The draw was reduced this year from 56 to 32, which gave them some much needed contingency, sadly all used up as the second round and the doubles are now backed up enough to necessitate clearing them by playing indoors.

The grass court season in the UK almost always brings rain but a sense of British stoicism but for belt and braces, the investment made in the club’s facilities have come into their own.

Hughesman explained: “What is good for us now is all the investment that we made with the venue with the club’s facilities, with the court covers, with the drainage around the courts, the new centre court, the work that they’ve done on re‑laying the match courts 1 through 4 and adding drainage around them, and also the work that they’ve done on the three practice courts.

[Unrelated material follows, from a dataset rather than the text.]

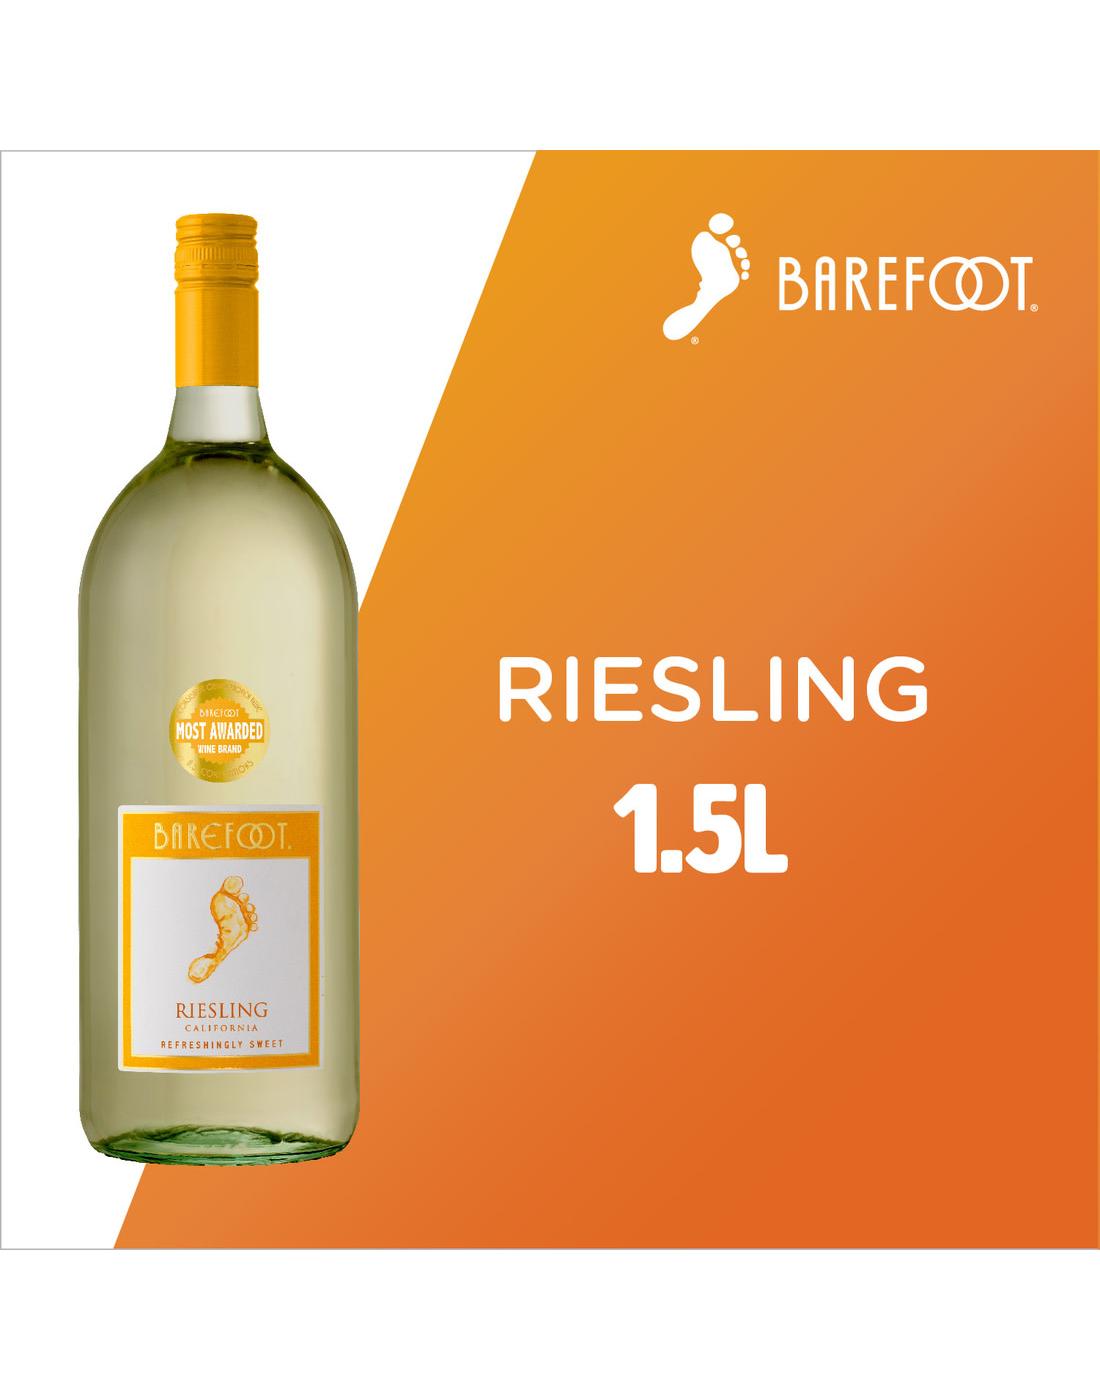 Barefoot Riesling White Wine; image 5 of 7

Our wet weather provision actually is really good now, so when we do get these little breaks, we can get on.”

State of the art court coverings… and ‘fescue’

Gone are the days of tarpaulins that used to have the rain swept off and the surface water pumped away, and now the courts hide beneath state of the art inflatable covers, but a lot still depends on those covers getting on in a timely manner.

After a day of torrential rain, we waded through a lake while the ground-staff tried to get rid of the surface water on the practice courts.

Yet the grass is of a similar standard to Queen’s Club and Eastbourne – long established as pretty close to the standards of the All England Club.

Hughesman told us: “They changed the mix of the fescue, it’s a slightly different grass mix, the way they do the grass. Now the grass is fairly hard wearing. I’m pretty sure when you look at our courts at the end of the week it will have ‑‑ it won’t have worn out that much. It will have held up really well.”


Mallorca – sun, sea… and turf?

Now that the grass court season has been extended, we have seen the inclusion of sun, sea surf and the WTA International in Mallorca, so what threat does this pose to this long established tournament?

“We can’t beat the Mallorca sun but what are we doing for the players is we’re now able to provide them with practice indoors. So they’ve got three brand‑new indoor courts.

“The player experience is a lot better. We’ve done a lot with the players’ areas ensure that all the food that they get is first class. We’ve liaised very closely with the WTA as far as what the players want. We feel as though we’ve hit that button.”

Of course this is also a Premier event, and there are restrictions on how many of the big names the International level event in Spain is allowed to draw, and of course this is an anomaly of a year, weather-wise, with the Aegon Championships in London also being hit with rain delays.


Ticket sales perhaps the biggest casualty

The real impact though will be felt in the ticket sales, especially as walk-up sales have always played a big part in the tournament’s success.

“About 30, 35 percent our ticket sales is on walk up ticket sales during the week. It’s quite a big percentage. We’re suffering at the moment and we’re probably not going to match last year.

“Obviously if we could finish with a few nice days it would leave a better impression with everyone. For players if they come over here they can stay in this country so they can play Nottingham. We give them free transport from Nottingham to here. We then organise transport for them to go from here to Eastbourne, so that’s all free.

“So there’s a sort of a flow. If the players come over here they can getting they know they’re in one country haven’t got to do all this getting around as it were – I know they’re used to it but if they come here the conditions are going to be similar.”


There is a lot to love about this tournament and this location – when the weather behaves. Birmingham itself is an easy city to get around. The location is in the leafy University suburbs, and the centre has had a lot of regeneration over the years.

We can only hope that the weather gods see fit to smile on the city for the closing stages, or at least that the state of the art improvements help keep it on track for a Sunday finish.

Play continues at the Aegon Classic on Friday starting at 11:30am BST.